藤原四家のうち式家の神社である上宮大澤神社で平安時代の歴史上の人物を復習
新小金井街道の小金井市貫井南町に「上宮大澤神社入口」という標識がありました。
大澤(大沢)と言えば、もっと東にある三鷹市の地名なので、興味があり立ち寄ってみました。
境内と道路と駐車場の境がよくわかりませんし、中には住宅もあるようですが、全体が神社の敷地なのでしょうか。

狭いながらも美しい竹林に立つ神社案内板によると、創建は平安時代である天慶年間(938〜945)といいます。
藤原外記壽治(げきひさはる)が、大澤の池の上のこの地が山紫水明のいいところなので、大澤氏を名乗るとともに神社を創始したといいます。
大化の新で知られる中臣鎌足が藤原姓を賜わり藤原氏の祖となっていますが、その子孫だといいます。

↑7名の祭神が記載されていましたが、古事記や日本書紀に登場する神々ではない、歴史上実在の人物もいるようなのでそれぞれを調べてみました。
まず①「天児屋根命」は古事記・日本書紀にも載っている神になりますが、中臣氏・藤原氏の太祖神です。
②「藤御食子命(中臣氏)」は中臣御食子のことで鎌足の父になります。

↑鳥居から本殿までの距離は短く、右には社務所があります。
寒い日々なので、午後なのに手水鉢の水は一部凍っていました。

続いて、③ 「藤宇合命(藤原式家)」は藤原宇合(うまかい)のことです。
平安時代に非常に栄華を極める藤原氏の礎を築いたと言えるのは、奈良時代の藤原不比等です。
不比等は中臣鎌足の子で、その4人の子は北家、南家、京家、式家の藤原四家を形成します。
うち式家の祖が藤原宇合です。
本殿の前まで行くと参拝者を感知して雅楽が流れます。

④「藤百川命」は藤原百川(ももかわ)のことで、宇合の子です。
⑤「平高望」は高望王ともいわれ、桓武天皇の曾孫で桓武平氏の祖となっています。
東国で俘囚の乱を鎮めため上総介となりました。
その子孫が東国で土着していき、平将門はその孫になります。

藤原忠文が征東大将軍として平将門の乱を鎮圧することとなり、それに藤原外記壽治は従軍しました。
承平天慶の乱といわれる、939年から常陸、下野、上野の国府を襲った平将門の乱は、翌年に平貞盛や藤原秀郷により鎮圧されました。
残念ながら、藤原忠文(及び藤原外記壽治)活躍の場とはならなかったようです。

⑥「平頼望」は山川の日本史用語集なども調べてみましたが不明でした。
平高望は武士としての祖ではありますが、藤原氏と同様に東国の平和に尽くしたというとことなのでしょうか。
↓行った時には、なぜ境内社が藤原稲荷大明神というのかわかりませんでしたが、戻ってから藤原氏ゆかりなのだとわかりました。

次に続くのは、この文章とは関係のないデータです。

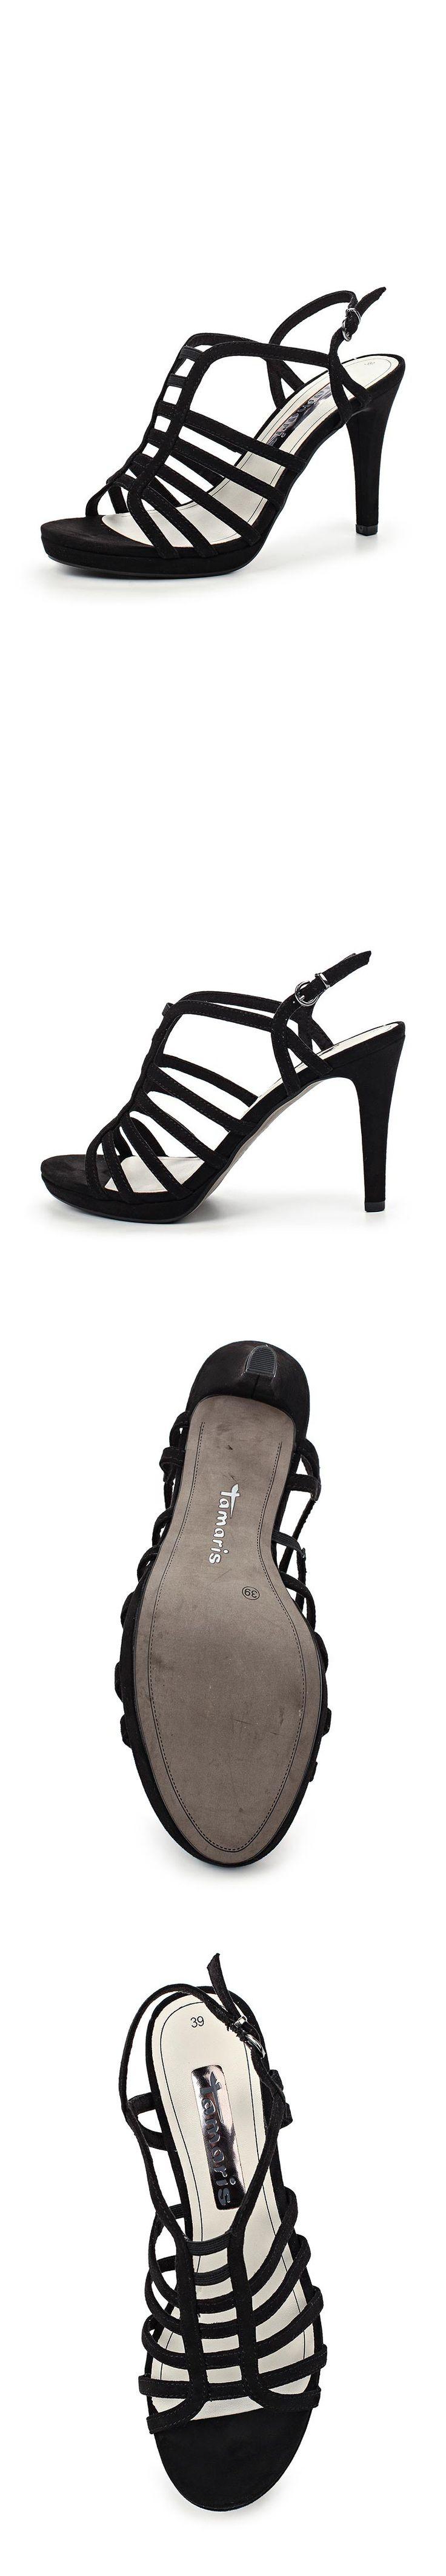 Женская обувь босоножки Tamaris за 4699.00 руб.
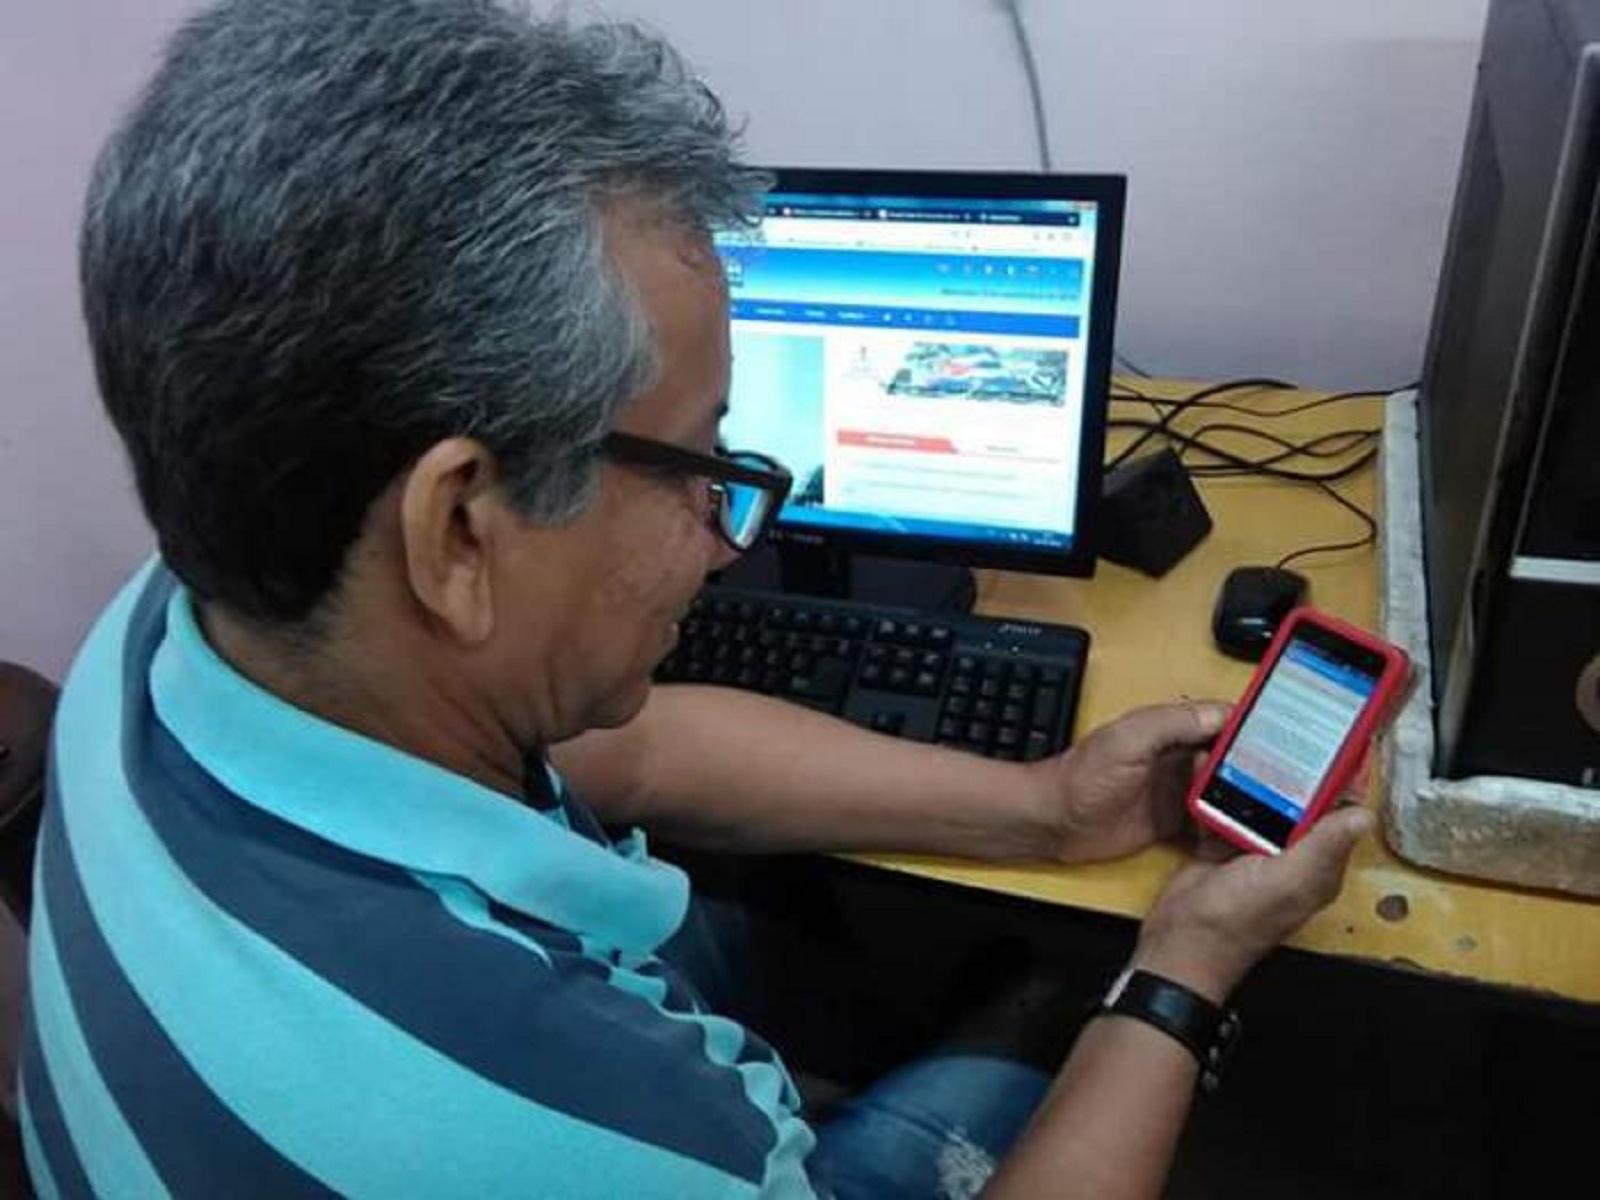 Las apk pueden facilitar mucho la gestión de información pública Foto: Ventura de Jesús García

⑦「藤壽治」は藤原百川の嗣子の藤原壽治のことで、上宮大澤神社を天慶年間に創始しましたが、その際、この地の大澤の池を気に入ったということでした。
祭神については、日本史の復習をして一応わかりましたが、当初の疑問など解消していないこともありますので、神社境内ではないけど、数十メートルのところに池があるようなので、この後行ってみることとしました。